3.4 Example RTP Packet

   Here is an example RTP packet containing two Vorbis packets.

   RTP Packet Header:

    0                   1                   2                   3
    0 1 2 3 4 5 6 7 8 9 0 1 2 3 4 5 6 7 8 9 0 1 2 3 4 5 6 7 8 8 0 1
   +-+-+-+-+-+-+-+-+-+-+-+-+-+-+-+-+-+-+-+-+-+-+-+-+-+-+-+-+-+-+-+-+
   | 2 |0|0|  0    |0|      PT     |      sequence number          |
   +-+-+-+-+-+-+-+-+-+-+-+-+-+-+-+-+-+-+-+-+-+-+-+-+-+-+-+-+-+-+-+-+
   |                 timestamp (in sample rate units)              |
   +-+-+-+-+-+-+-+-+-+-+-+-+-+-+-+-+-+-+-+-+-+-+-+-+-+-+-+-+-+-+-+-+
   |         synchronization source (SSRC) identifier              |
   +=+=+=+=+=+=+=+=+=+=+=+=+=+=+=+=+=+=+=+=+=+=+=+=+=+=+=+=+=+=+=+=+
   |         contributing source (CSRC) identifiers                |
   |                      ...                                      |
   +-+-+-+-+-+-+-+-+-+-+-+-+-+-+-+-+-+-+-+-+-+-+-+-+-+-+-+-+-+-+-+-+

   Payload Data:

    0                   1                   2                   3
    0 1 2 3 4 5 6 7 8 9 0 1 2 3 4 5 6 7 8 9 0 1 2 3 4 5 6 7 8 9 0 1
   +-+-+-+-+-+-+-+-+-+-+-+-+-+-+-+-+-+-+-+-+-+-+-+-+-+-+-+-+-+-+-+-+
   |0|0|0| # pks: 2|      len      |  vorbis data ...              |
   +-+-+-+-+-+-+-+-+-+-+-+-+-+-+-+-+-+-+-+-+-+-+-+-+-+-+-+-+-+-+-+-+
   |                  ...vorbis data...                            |
   +-+-+-+-+-+-+-+-+-+-+-+-+-+-+-+-+-+-+-+-+-+-+-+-+-+-+-+-+-+-+-+-+
   |     ...       |      len      | next vorbis packet data...    |
   +-+-+-+-+-+-+-+-+-+-+-+-+-+-+-+-+-+-+-+-+-+-+-+-+-+-+-+-+-+-+-+-+

<p>4 Frame Packetizing

   Each RTP packet contains either one complete Vorbis packet, one 
   Vorbis packet fragment, or an integer number of complete Vorbis 
   packets (upto a max of 32 packets, since the number of packets is 
   defined by a 5 bit value).

   Any Vorbis packet that is larger than 256 octets and less than the
   path-MTU should be placed in a RTP packet by itself.
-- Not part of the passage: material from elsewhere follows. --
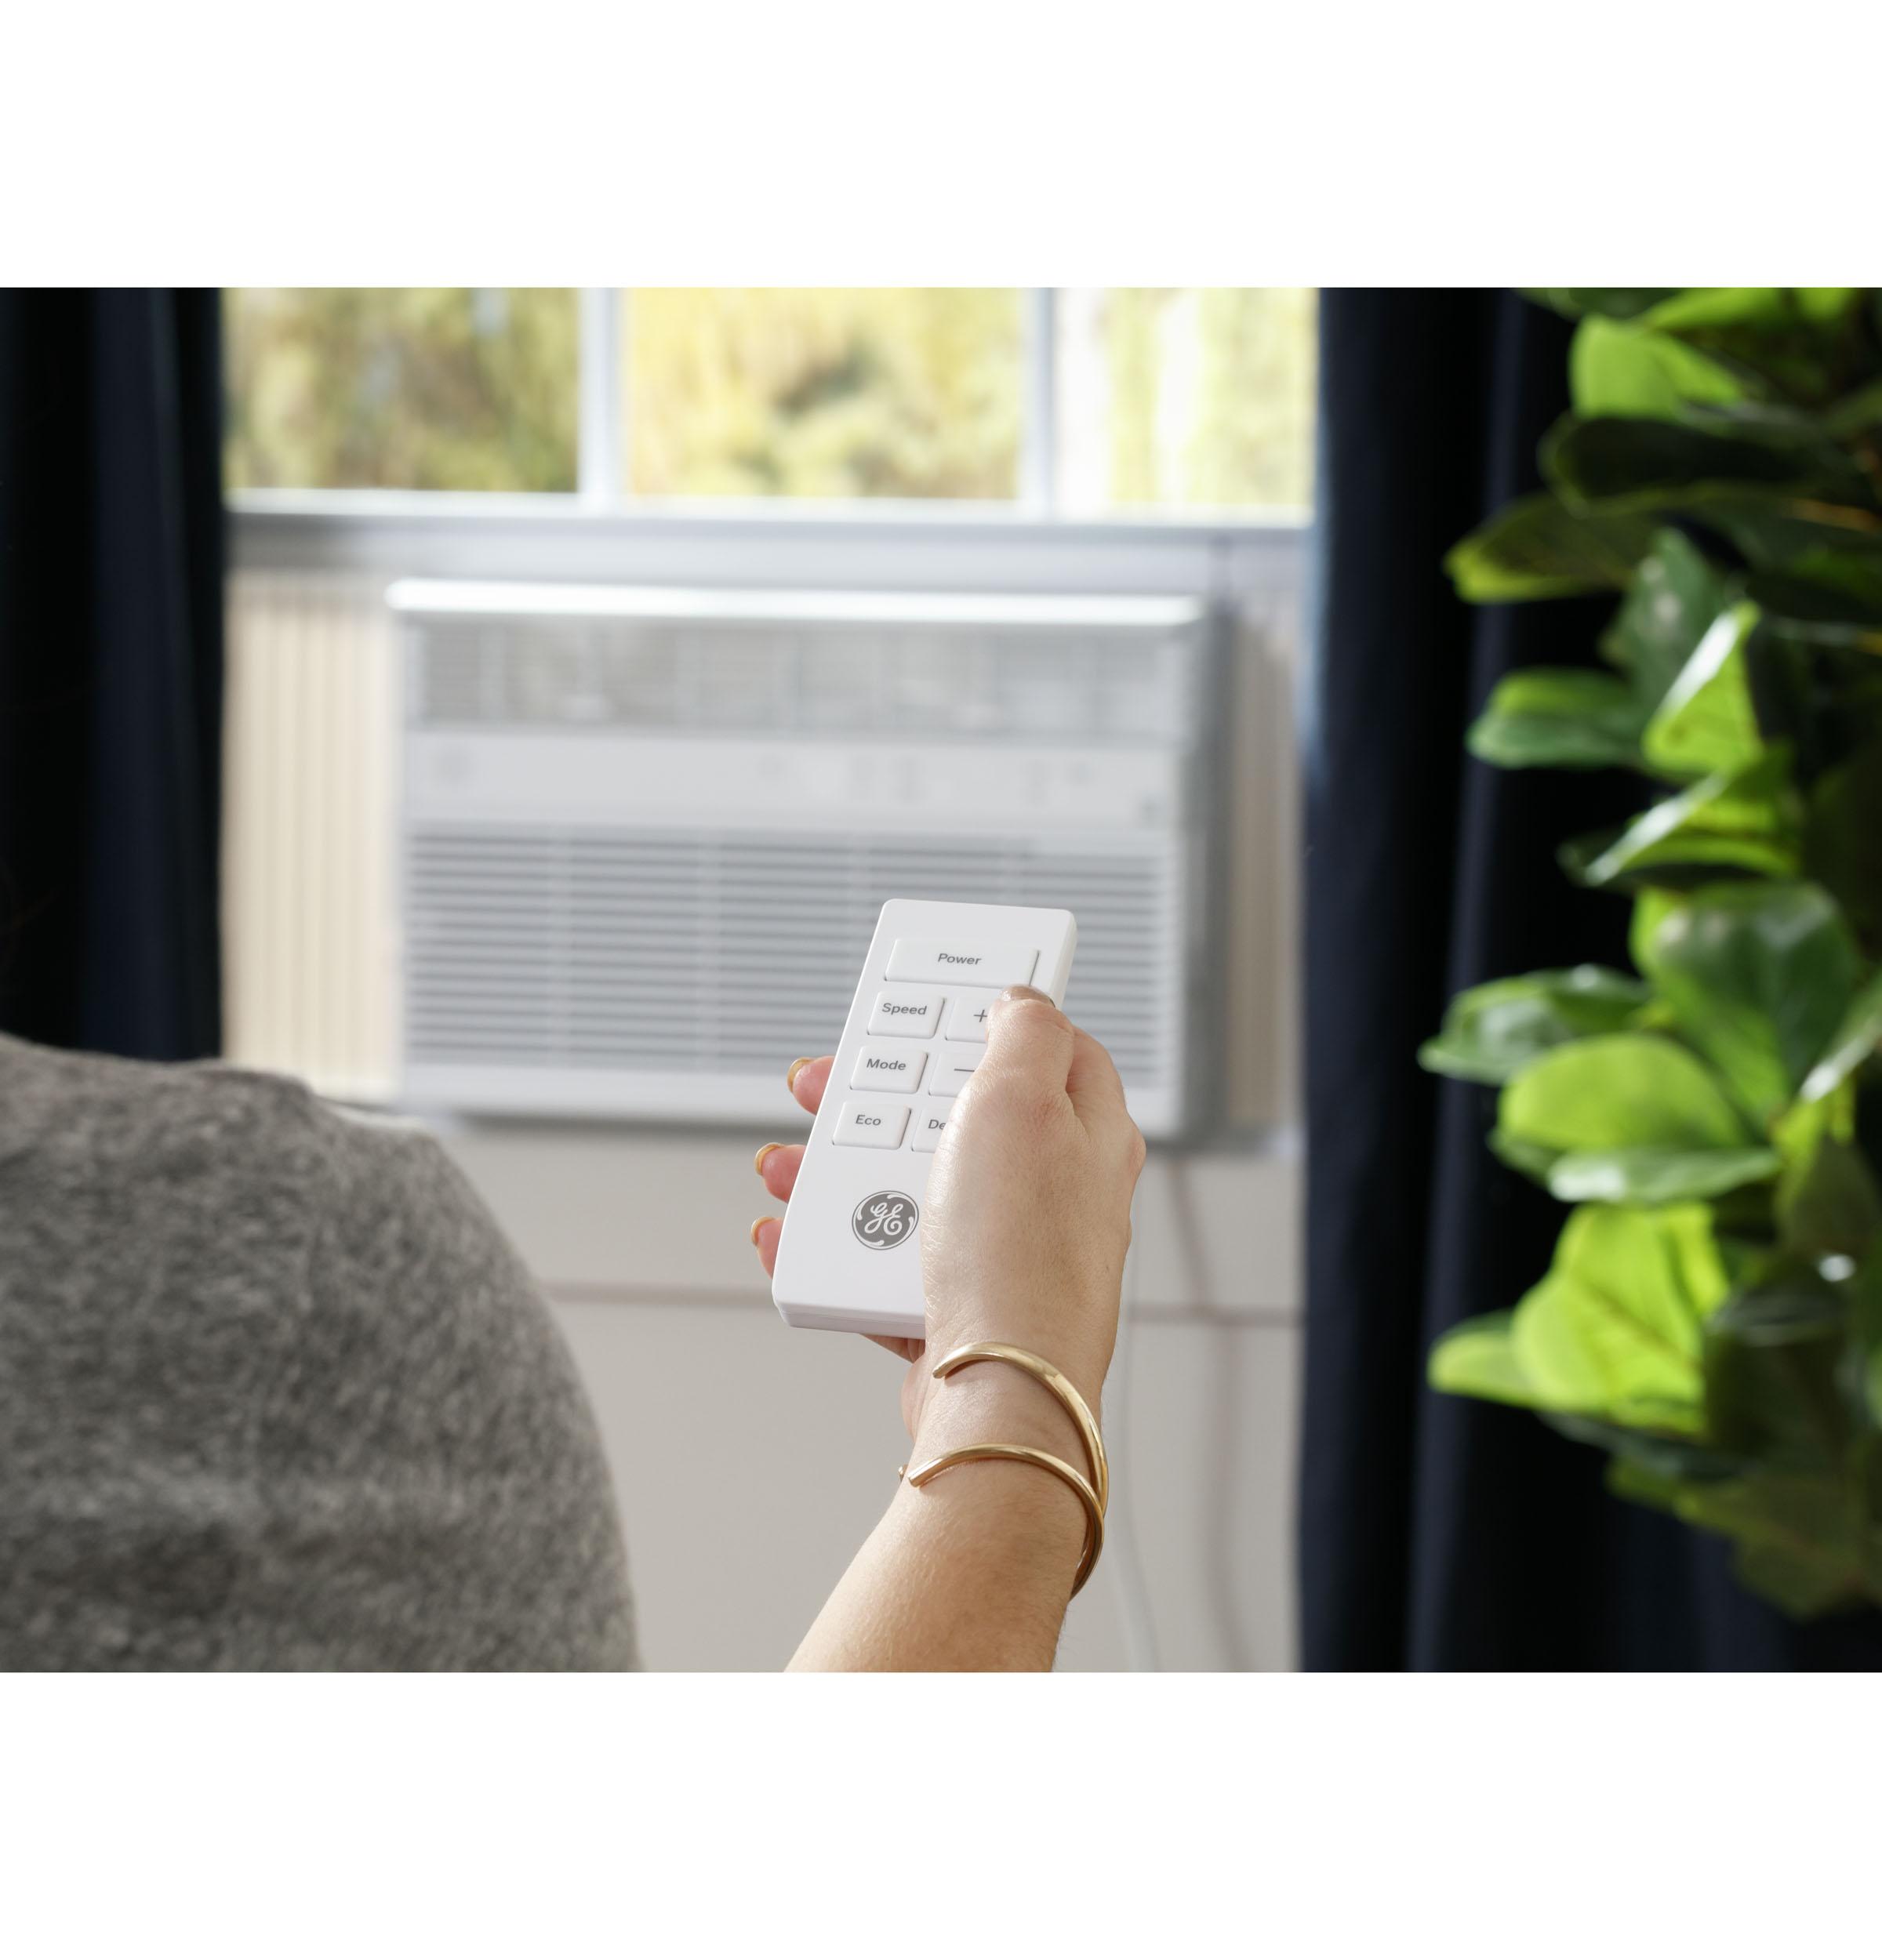 Ge Appliances AHE12DZ Ge® 12,000 Btu Heat/Cool Electronic Window Air Conditioner For Large Rooms Up To 550 Sq. Ft.

   Any Vorbis packet that is 256 bytes or less should be bundled in the
   RTP packet with as many Vorbis packets as will fit, up to a maximum
   of 32.

   If a Vorbis packet will not fit into the RTP packet, it must be 
   fragmented.  A fragmented packet has a zero in the last five bits 
   of the payload header.  Each fragment after the first will also set 
   the Continued (C) bit to one in the payload header.  The RTP packet 
   containing the last fragment of the Vorbis packet will have the 
   Marker (F) bit set to one.

4.1 Example Fragmented Vorbis Packet

   Here is an example fragmented Vorbis packet split over three RTP
   packets.

   RTP packet header details have been excluded from this example.

   Packet 1:

    0                   1                   2                   3
    0 1 2 3 4 5 6 7 8 9 0 1 2 3 4 5 6 7 8 9 0 1 2 3 4 5 6 7 8 9 0 1
   +-+-+-+-+-+-+-+-+-+-+-+-+-+-+-+-+-+-+-+-+-+-+-+-+-+-+-+-+-+-+-+-+
   |0|0|0|        0|      len      |  vorbis data ...              |
   +-+-+-+-+-+-+-+-+-+-+-+-+-+-+-+-+-+-+-+-+-+-+-+-+-+-+-+-+-+-+-+-+
   |                  ...vorbis data...                            |
   +-+-+-+-+-+-+-+-+-+-+-+-+-+-+-+-+-+-+-+-+-+-+-+-+-+-+-+-+-+-+-+-+

   The number of packets field is set to 0.

   Packet 2:

    0                   1                   2                   3
    0 1 2 3 4 5 6 7 8 9 0 1 2 3 4 5 6 7 8 9 0 1 2 3 4 5 6 7 8 9 0 1
   +-+-+-+-+-+-+-+-+-+-+-+-+-+-+-+-+-+-+-+-+-+-+-+-+-+-+-+-+-+-+-+-+
   |1|0|0|        0|      len      |  vorbis data ...              |
   +-+-+-+-+-+-+-+-+-+-+-+-+-+-+-+-+-+-+-+-+-+-+-+-+-+-+-+-+-+-+-+-+
   |                  ...vorbis data...                            |
   +-+-+-+-+-+-+-+-+-+-+-+-+-+-+-+-+-+-+-+-+-+-+-+-+-+-+-+-+-+-+-+-+

   The C bit is set to 1 and the number of packets field is set to 0.
   For large Vorbis fragments there can be several of these type of
   payload packets.  The maximum packet size should be no greater
   than the MTU of 1500 octets, including all RTP and payload headers.

   Packet 3:

    0                   1                   2                   3
    0 1 2 3 4 5 6 7 8 9 0 1 2 3 4 5 6 7 8 9 0 1 2 3 4 5 6 7 8 9 0 1
   +-+-+-+-+-+-+-+-+-+-+-+-+-+-+-+-+-+-+-+-+-+-+-+-+-+-+-+-+-+-+-+-+
   |1|1|0|        0|      len      |  vorbis data ...              |
   +-+-+-+-+-+-+-+-+-+-+-+-+-+-+-+-+-+-+-+-+-+-+-+-+-+-+-+-+-+-+-+-+
   |                  ...vorbis data...                            |
   +-+-+-+-+-+-+-+-+-+-+-+-+-+-+-+-+-+-+-+-+-+-+-+-+-+-+-+-+-+-+-+-+

   This is the last Vorbis fragment packet.  The C and F bits are 
   set and the packet count remains set to 0.

5 Codebooks

   To decode a Vorbis stream, a set of codebooks is required.  These
   codebooks are allowed to change for each logical bitstream (for
   example, for each song encoded in a radio stream).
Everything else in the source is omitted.